Mach_task_self () = mach_task_self() = mach_task_self();
Here, the thread is the lowest level of Mach kernel thread. The POSIX thread pthread corresponds to the kernel thread one by one, which is the abstraction of kernel thread. NSThread is the object-oriented encapsulation of Pthread.

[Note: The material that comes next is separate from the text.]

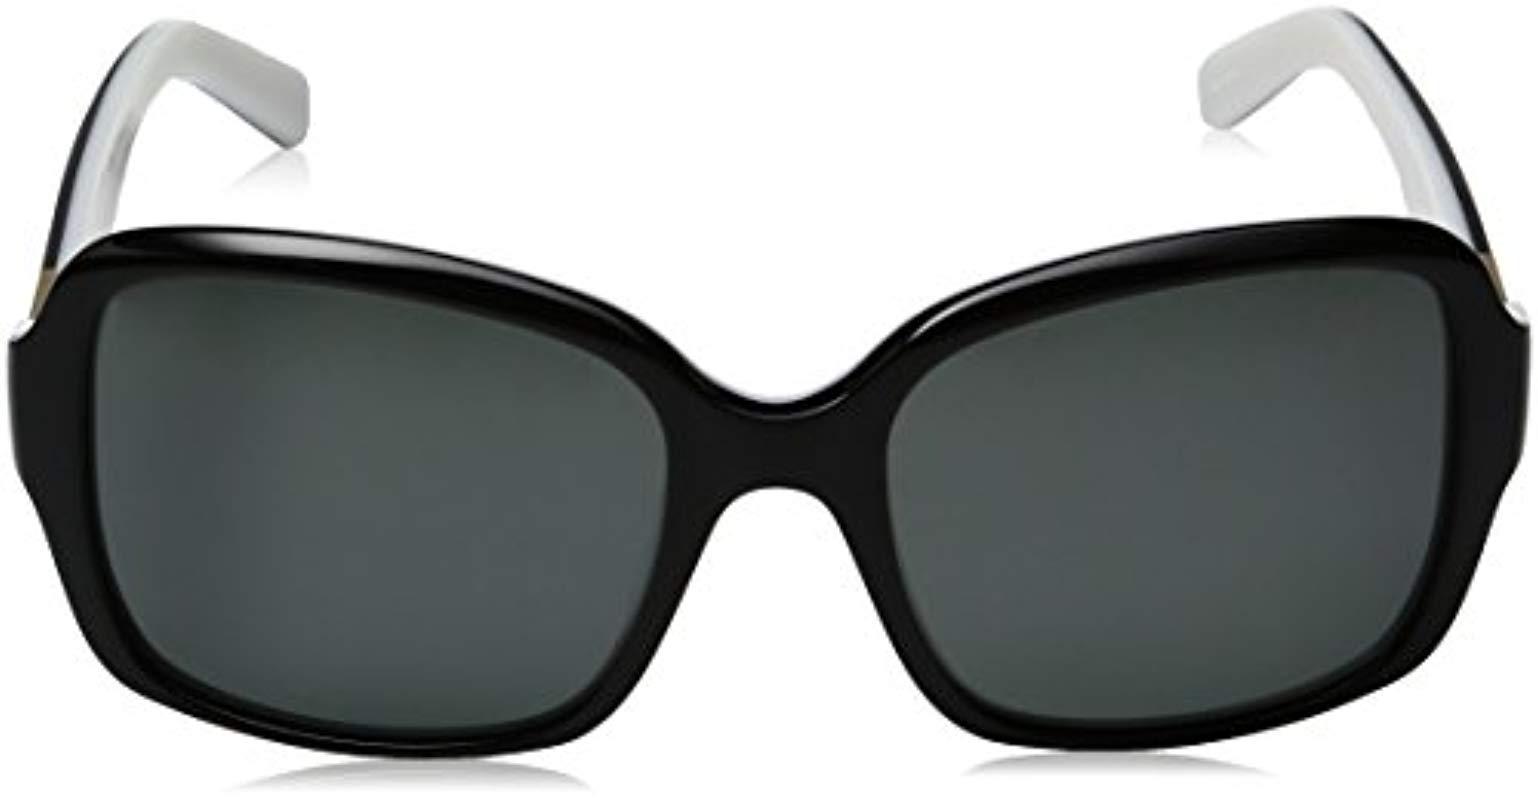 c2d134db164e2 ... Black Kate Spade Annora ps Annorps Polarized Rectangular Sunglasses -  Lyst. View fullscreen

In the process of function call, there may be exceptions that lead to stack frame damage. Therefore, the current ready-made stack frame address is in the address space that is not allowed to access. If thread_get_state is directly used to obtain thread stack frame and the whole call stack is obtained, there will be pointer access error and the program will crash abnormally. The thread call stack can be obtained safely using the vm_red_overwrite function, which asks the kernel if it has permission to access the specified memory, avoiding pointer access exceptions. The specific functions are as follows:
typedef struct StackFrameEntry{
const struct StackFrameEntry * const previous;// Address of the previous stack frame
const uintptr_t return_address;// Function address
} StackFrameEntry;
//mach_task_self: task object
// SRC: pointer to fp stack frame
//numBytes: sizeof (StackFrameEntry)
// DST: StackFrameEntry pointer
//bytesCopied: //cpye byte sizes
kern_return_t vm_read_overwrite(mach_task_self(), (vm_address_t)src, (vm_size_t)numBytes, (vm_address_t)dst, &bytesCopied)
Copy the code
Get thread name
Each kernel thread is uniquely identified by an ID of type thread_T. The unique id of phread is of type pthread_T. Converting from thread_T to pthread_T is relatively easy, but nsthreads do not have an ID to store pthread_T, but nsthreads can get thread names. The pthread interface provides pthread_getName_NP to get the thread name, which is the same, where NP means not POSIX (not cross-platform). However, the main thread cannot get its name from pthread_getname_NP, so it needs to get the thread’s thread_t from load.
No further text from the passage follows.